Shah Abhay, Abámoff Michael D, Wu Xiaodong
Department of Electrical and Computer Engineering, The University of Iowa, Iowa City, IA, 52242, USA.
Department of Electrical and Computer Engineering, The University of Iowa, Iowa City, IA, 52242, USA; Department of Ophthalmology and Visual Sciences, University of Iowa, Iowa City, IA, 52242, USA.
Med Image Anal. 2019 May;54:63-75. doi: 10.1016/j.media.2019.02.004. Epub 2019 Feb 8.

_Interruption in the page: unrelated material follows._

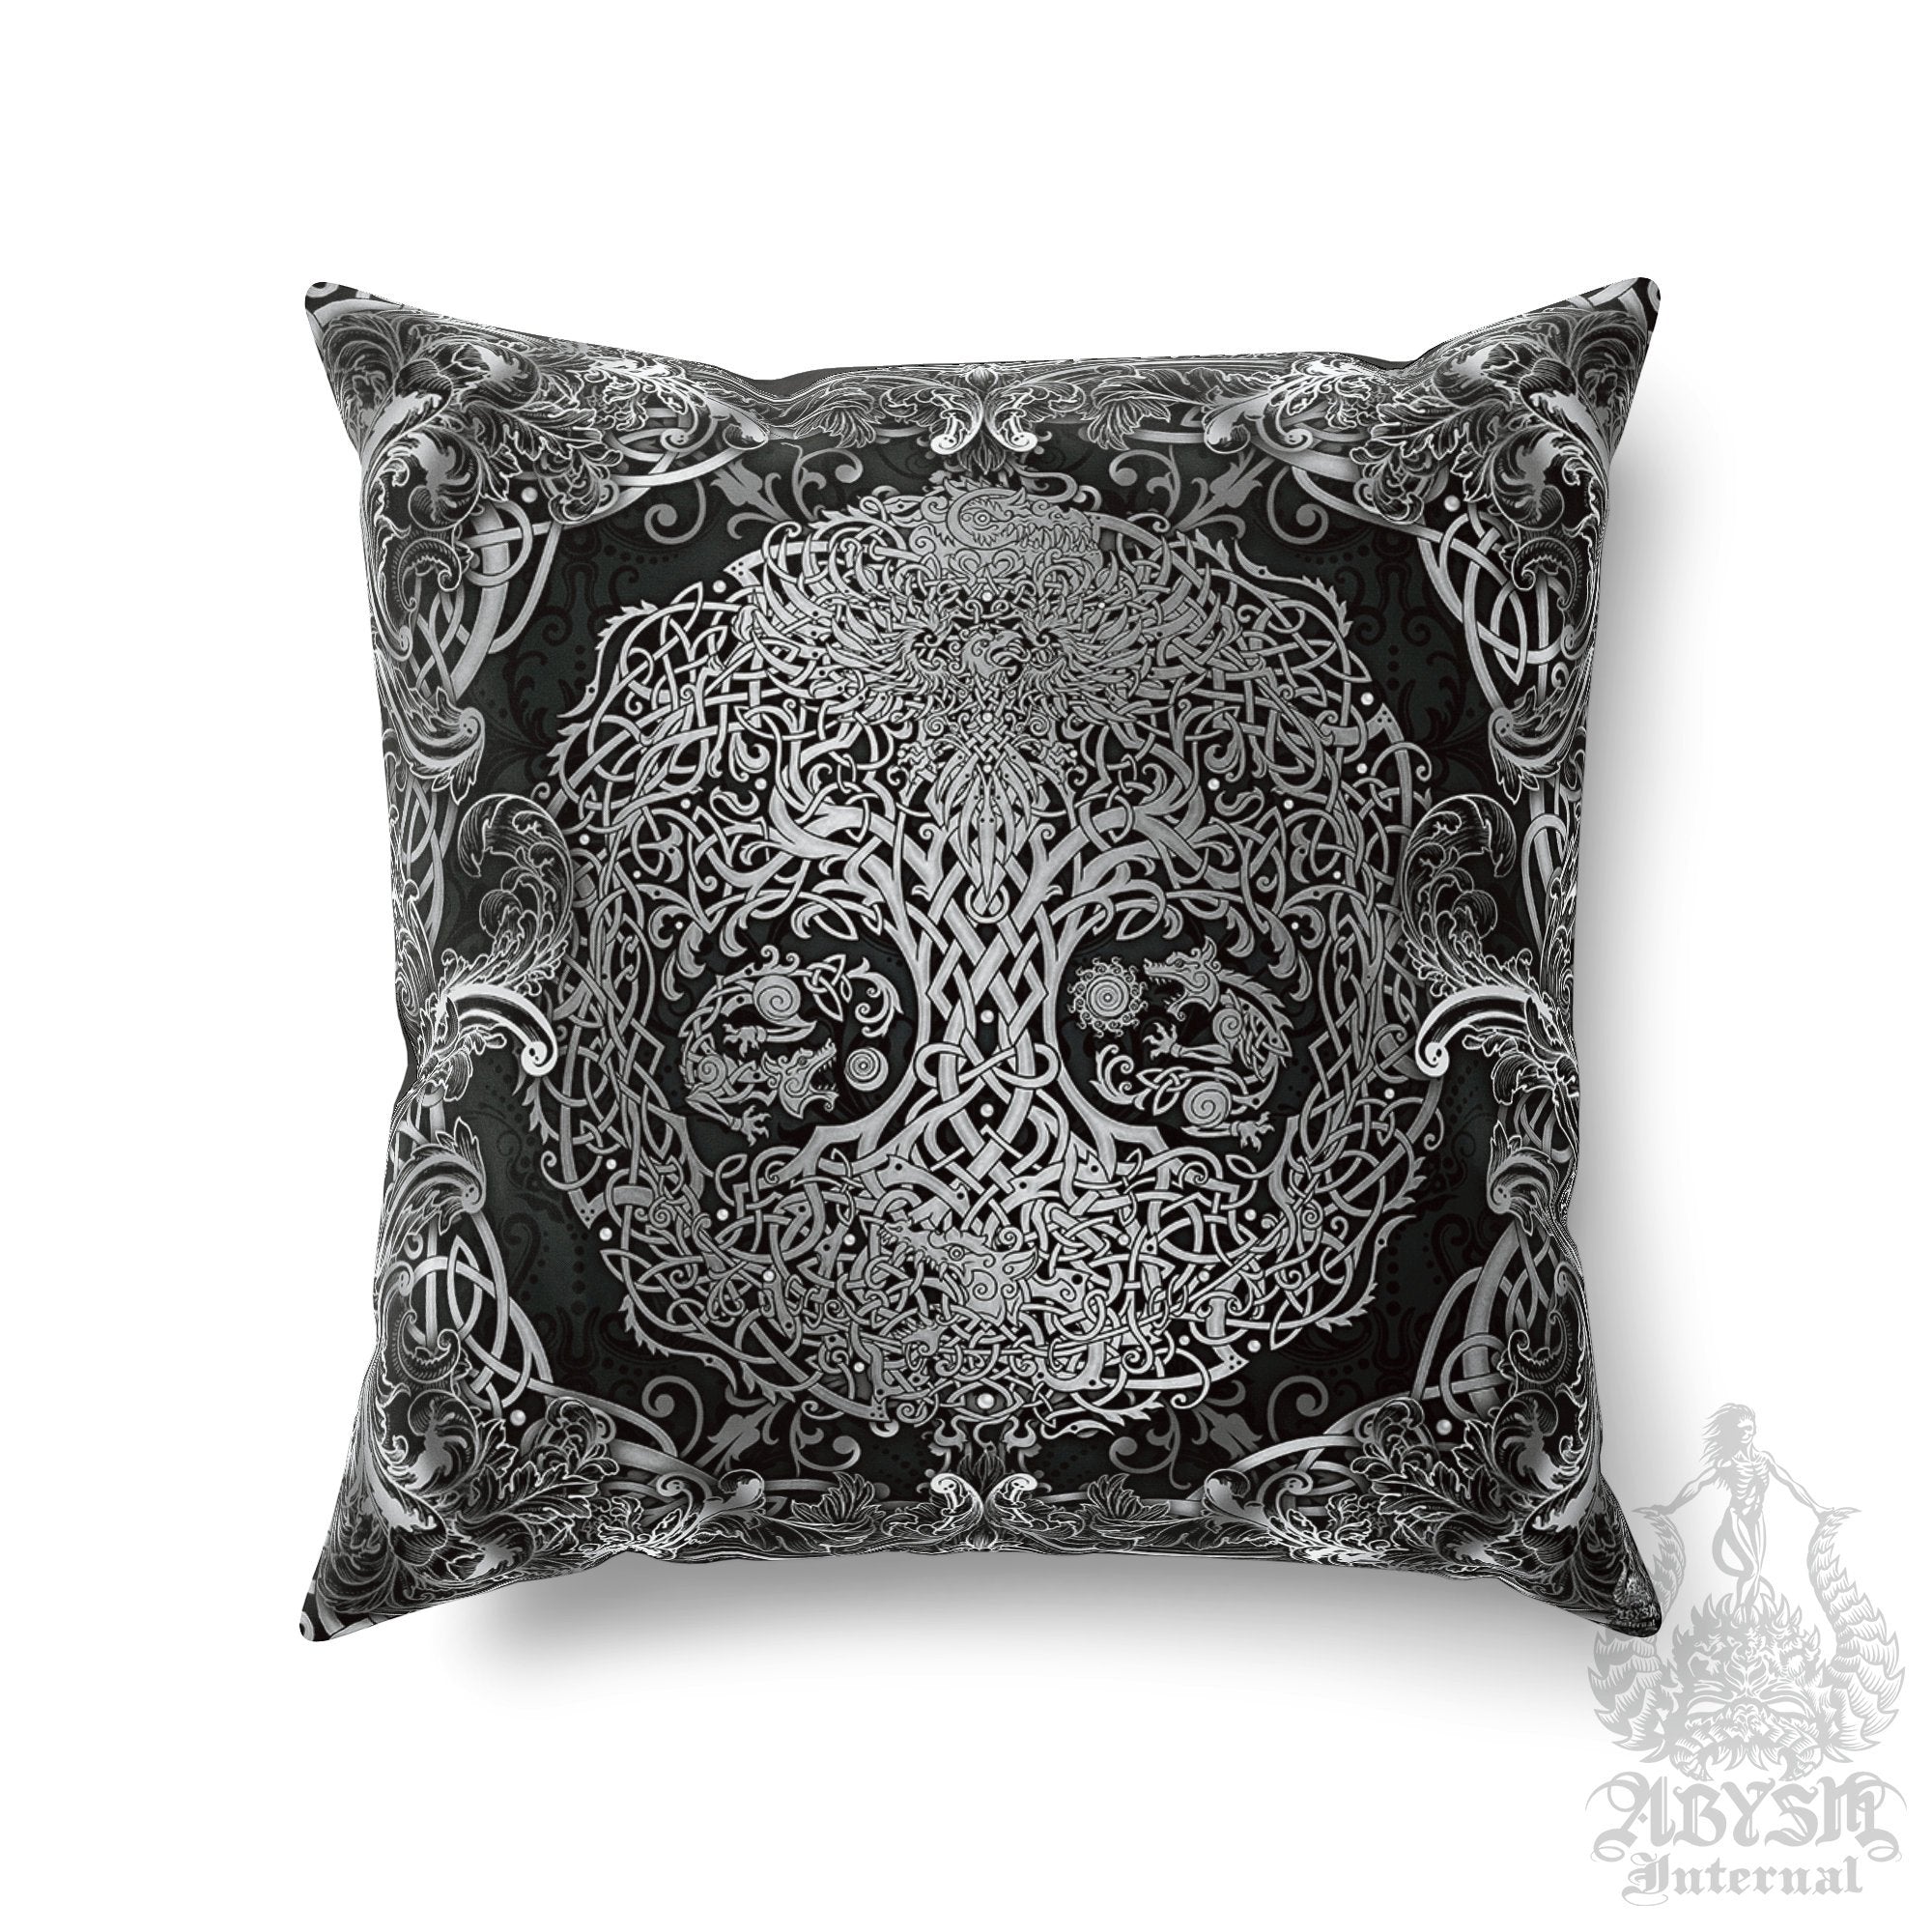 Viking Throw Pillow, Decorative Accent Cushion, Yggdrasil, Norse Decor, Nordic Art, Alternative Home - Tree of Life, Dark - Abysm Internal

Optimal surface segmentation is a state-of-the-art method used for segmentation of multiple globally optimal surfaces in volumetric datasets. The method is widely used in numerous medical image segmentation applications. However, nodes in the graph based optimal surface segmentation method typically encode uniformly distributed orthogonal voxels of the volume. Thus the segmentation cannot attain an accuracy greater than a single unit voxel, i.e. the distance between two adjoining nodes in graph space. Segmentation accuracy higher than a unit voxel is achievable by exploiting partial volume information in the voxels which shall result in non-equidistant spacing between adjoining graph nodes. This paper reports a generalized graph based multiple surface segmentation method with convex priors which can optimally segment the target surfaces in an irregularly sampled space. The proposed method allows non-equidistant spacing between the adjoining graph nodes to achieve subvoxel segmentation accuracy by utilizing the partial volume information in the voxels. The partial volume information in the voxels is exploited by computing a displacement field from the original volume data to identify the subvoxel-accurate centers within each voxel resulting in non-equidistant spacing between the adjoining graph nodes. The smoothness of each surface modeled as a convex constraint governs the connectivity and regularity of the surface. We employ an edge-based graph representation to incorporate the necessary constraints and the globally optimal solution is obtained by computing a minimum s-t cut. The proposed method was validated on 10 intravascular multi-frame ultrasound image datasets for subvoxel segmentation accuracy. In all cases, the approach yielded highly accurate results. Our approach can be readily extended to higher-dimensional segmentations.
最优表面分割是一种用于在体数据集中分割多个全局最优表面的先进方法。该方法广泛应用于众多医学图像分割应用中。然而,基于图的最优表面分割方法中的节点通常对体积中均匀分布的正交体素进行编码。因此,分割精度无法超过单个单位体素,即图空间中两个相邻节点之间的距离。通过利用体素中的部分体积信息,可以实现高于单位体素的分割精度,这将导致相邻图节点之间的间距不等。本文报告了一种基于广义图的具有凸先验的多表面分割方法,该方法可以在不规则采样空间中对目标表面进行最优分割。所提出的方法允许相邻图节点之间存在不等间距,通过利用体素中的部分体积信息来实现亚体素分割精度。通过从原始体积数据计算位移场来利用体素中的部分体积信息,以识别每个体素内亚体素精确的中心,从而导致相邻图节点之间的间距不等。将每个表面的平滑度建模为凸约束,以控制表面的连通性和规则性。我们采用基于边的图表示来纳入必要的约束,并通过计算最小s-t割来获得全局最优解。所提出的方法在10个血管内多帧超声图像数据集上进行了亚体素分割精度的验证。在所有情况下,该方法都产生了高度准确的结果。我们的方法可以很容易地扩展到更高维的分割。